Regeneron positions Lynozyfic (linvoseltamab) as a potential foundational frontline therapy or monotherapy for newly diagnosed multiple myeloma (NDMM), with multiple LINKER studies exploring monotherapy and combinations across transplant-eligible and ineligible patients.

In LINKER-MM6 (EMN39), induction with DRd is followed by Lynozyfic monotherapy versus continued DRd for transplant-ineligible NDMM, with several other LINKER trials (MM1–MM5, MMSS, and more) described across phases and indications.

Phase 1/2 data from LINKER-MM4 show encouraging Lynozyfic monotherapy results in adults with NDMM, including both transplant-eligible and ineligible patients.
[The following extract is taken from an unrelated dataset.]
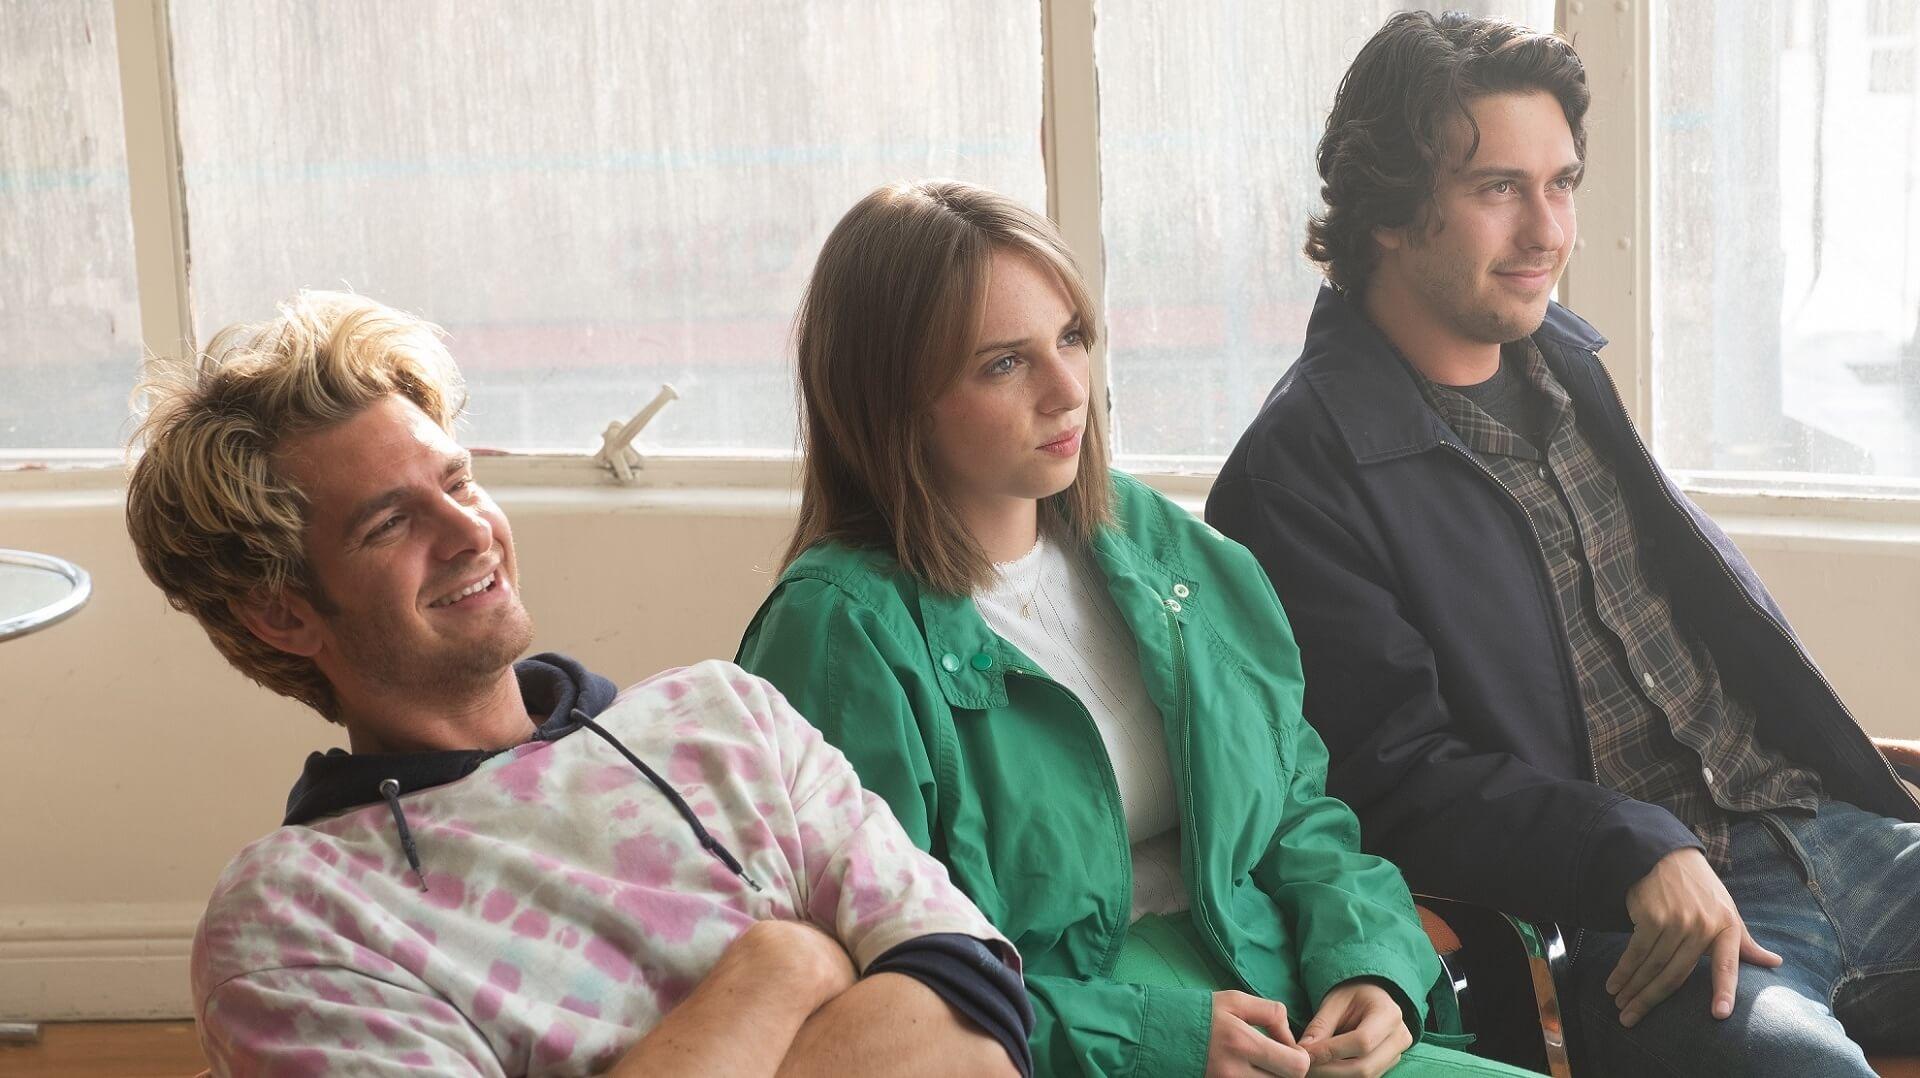 ジア・コッポラが語る、映画『メインストリーム』に散りばめられた敬愛する作品へのオマージュ interview210928gia-coppola-02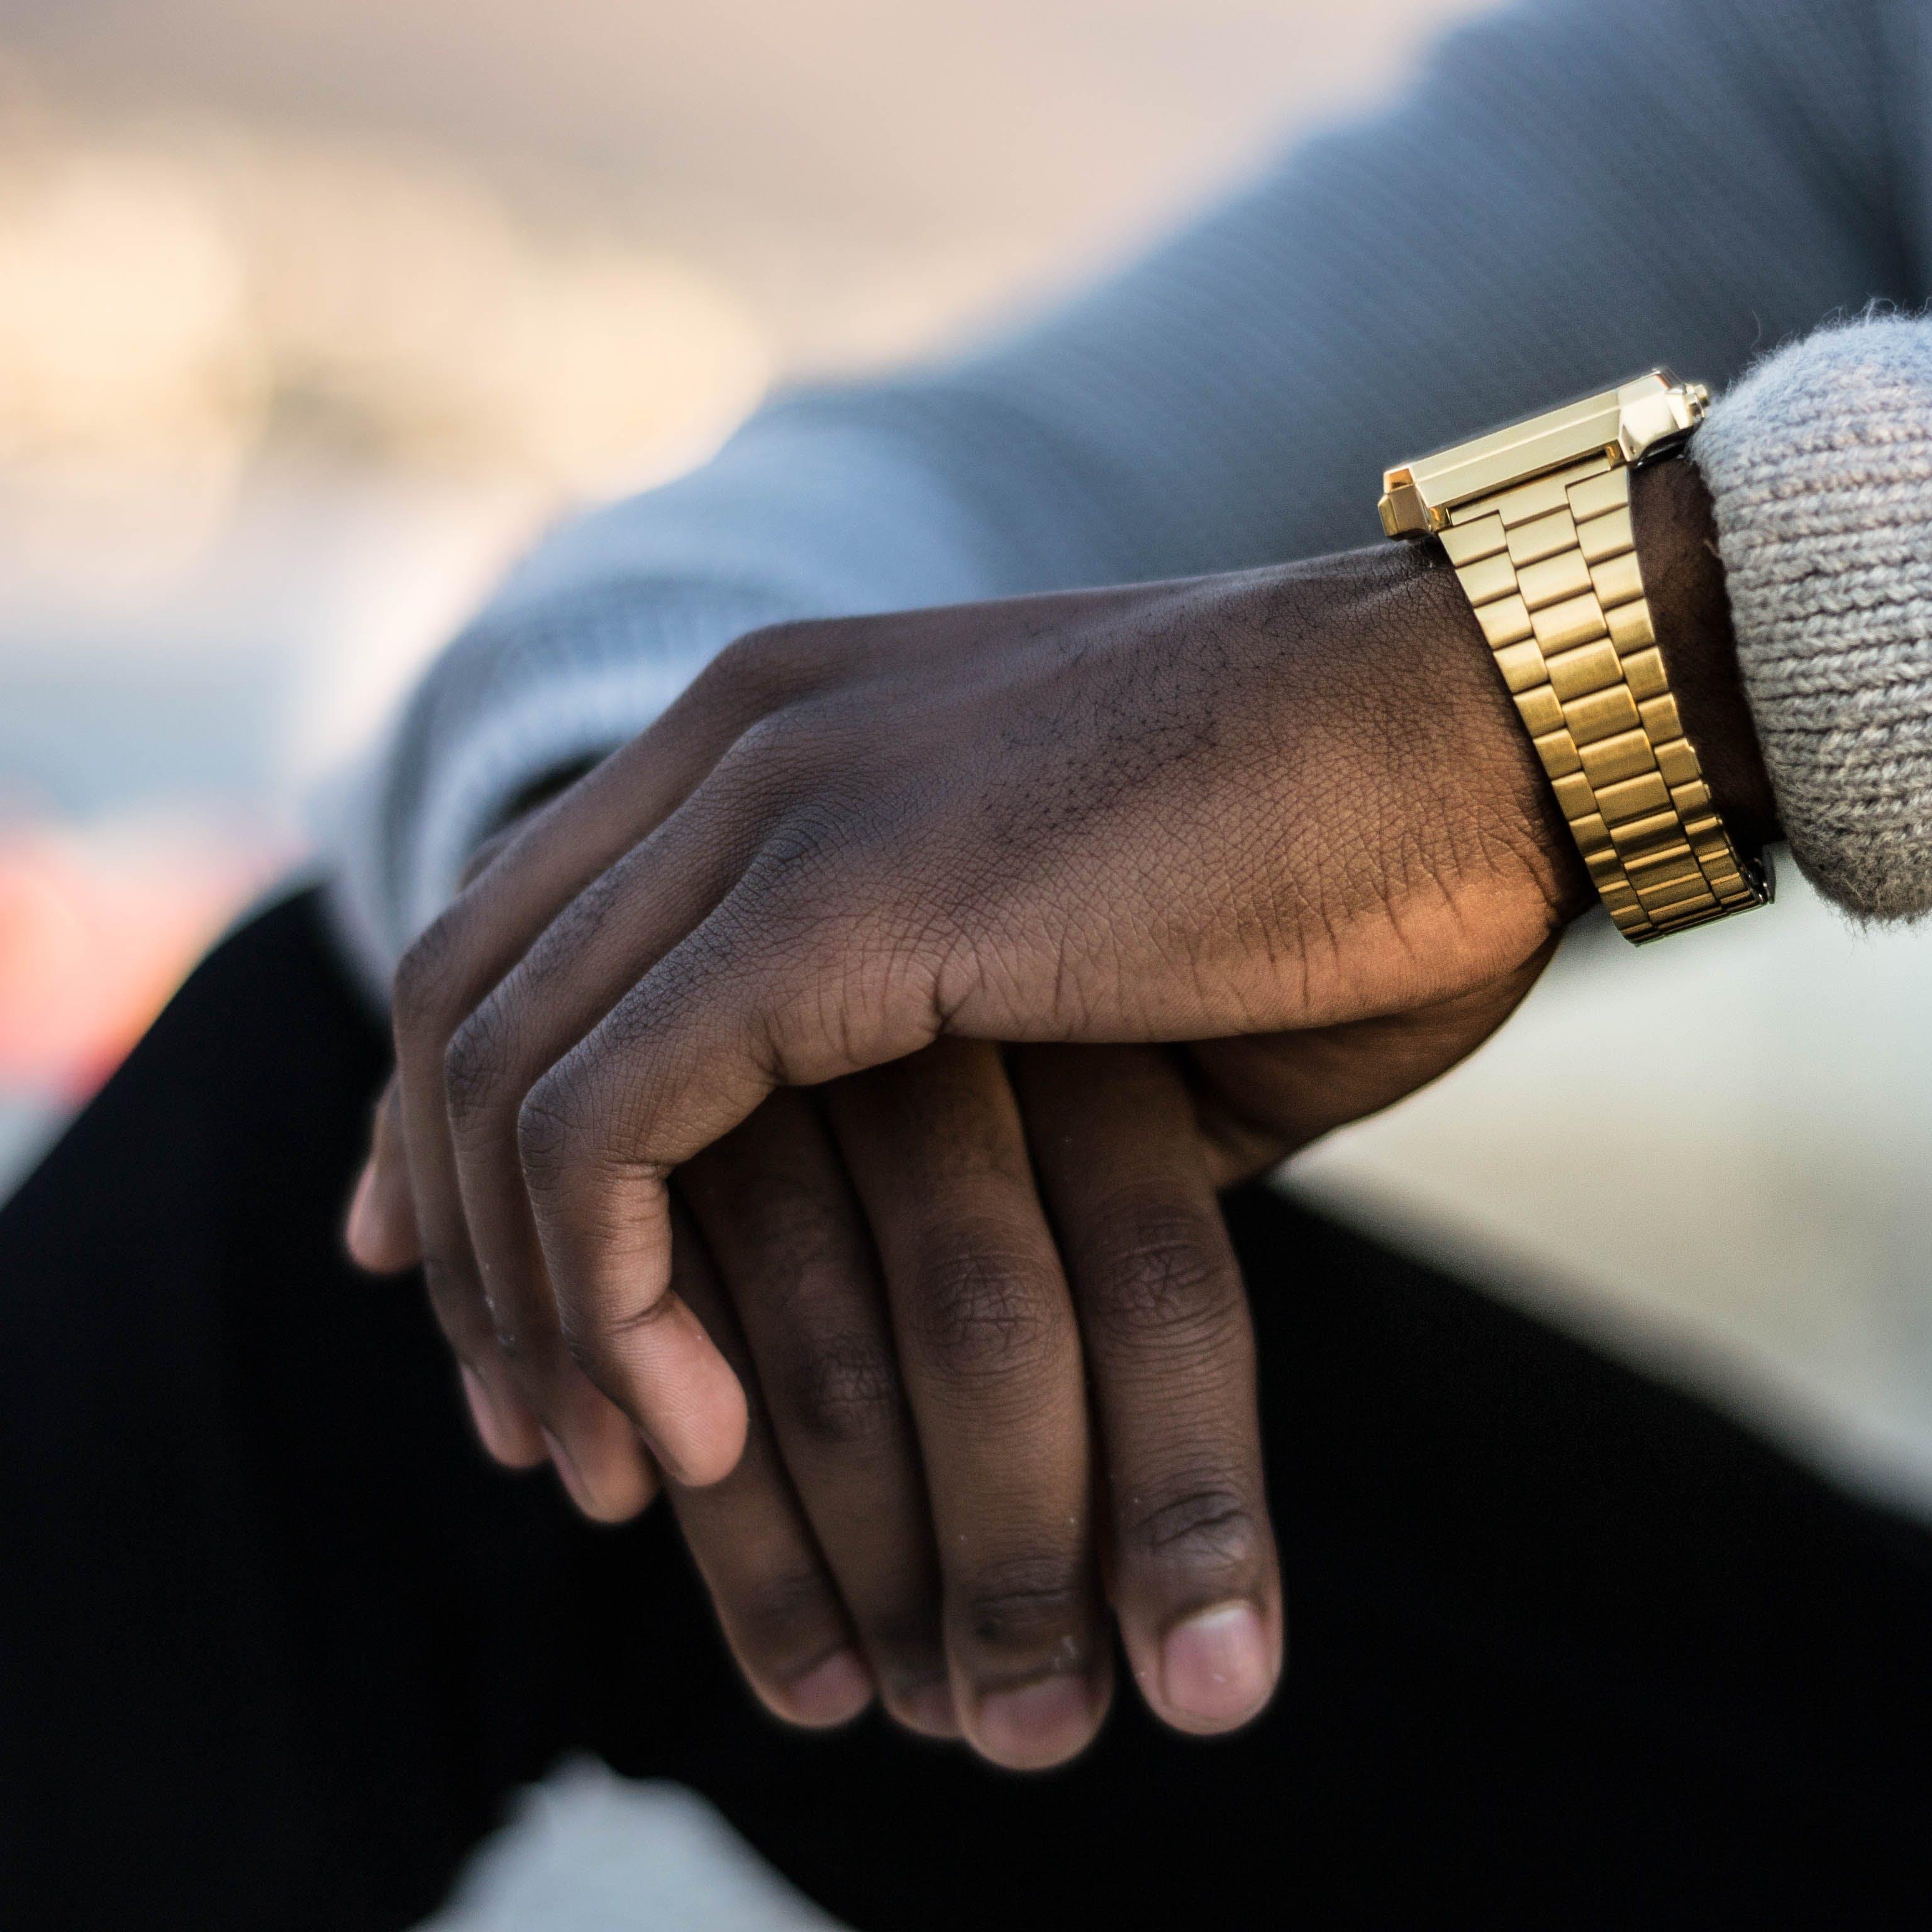 人, 手, 手錶, 時尚 的 免費圖庫相片

Adverse events include mostly Grade 1 CRS and neutropenia as common TEAEs, with infections in a large portion of patients but rarely at Grade 4 or higher.

Among MRD-evaluable VGPR+ patients, 95% achieved MRD negativity at 10^-5 sensitivity, indicating a deep early response.

Specifically, MRD negativity at 10^-5 sensitivity was observed in 19 of 20 evaluable VGPR+ patients across all dose groups, supporting strong early depth of response.

Safety information highlights risks of CRS, IRR, neurologic events, infections, and liver problems, with explicit dosing precautions and monitoring requirements.

A REMS program is in place for Lynozyfic due to CRS and neurologic risks, including step-up dosing with inpatient monitoring after initial doses and ongoing infection, liver, and hematologic monitoring.

Post-induction, ten patients proceeded to autologous stem cell transplant with adequate CD34+ yield, demonstrating the feasibility of sequencing transplant in NDMM treated with Lynozyfic.

Ten patients underwent autologous stem cell transplant with acceptable CD34+ yield following Lynozyfic-containing induction.

Regeneron plans an investor event, the Regeneron Roundtable, on December 10, 2025, to discuss the myeloma program with investors.

This virtual investor event underscores Regeneron’s emphasis on communicating NDMM data and program updates to the market.

In dose-escalation and expansion (Phase 1A/1B), 45 patients (28 transplant-eligible, 17 transplant-ineligible) showed a median time to response of about 1.2 months, with CRS and neutropenia as the most common TEAEs and no Grade ≥4 infections or dose-limiting toxicities.

Across dose groups (50 mg, 100 mg, 200 mg), LD/monotherapy results show VGPR+ rates of at least 70% in NDMM, with expectations that responses will deepen over time.

Lynozyfic is a BCMAxCD3 bispecific antibody built on VelocImmune technology, designed to redirect T cells to myeloma cells, with ongoing development in earlier lines and precursor conditions.

Context includes the broader Lynozyfic program, VelocImmune technology, and REMS safety measures across LINKER trials and related studies.

Lynozyfic is investigational, and safety and efficacy have not yet been evaluated by regulatory authorities for frontline NDMM.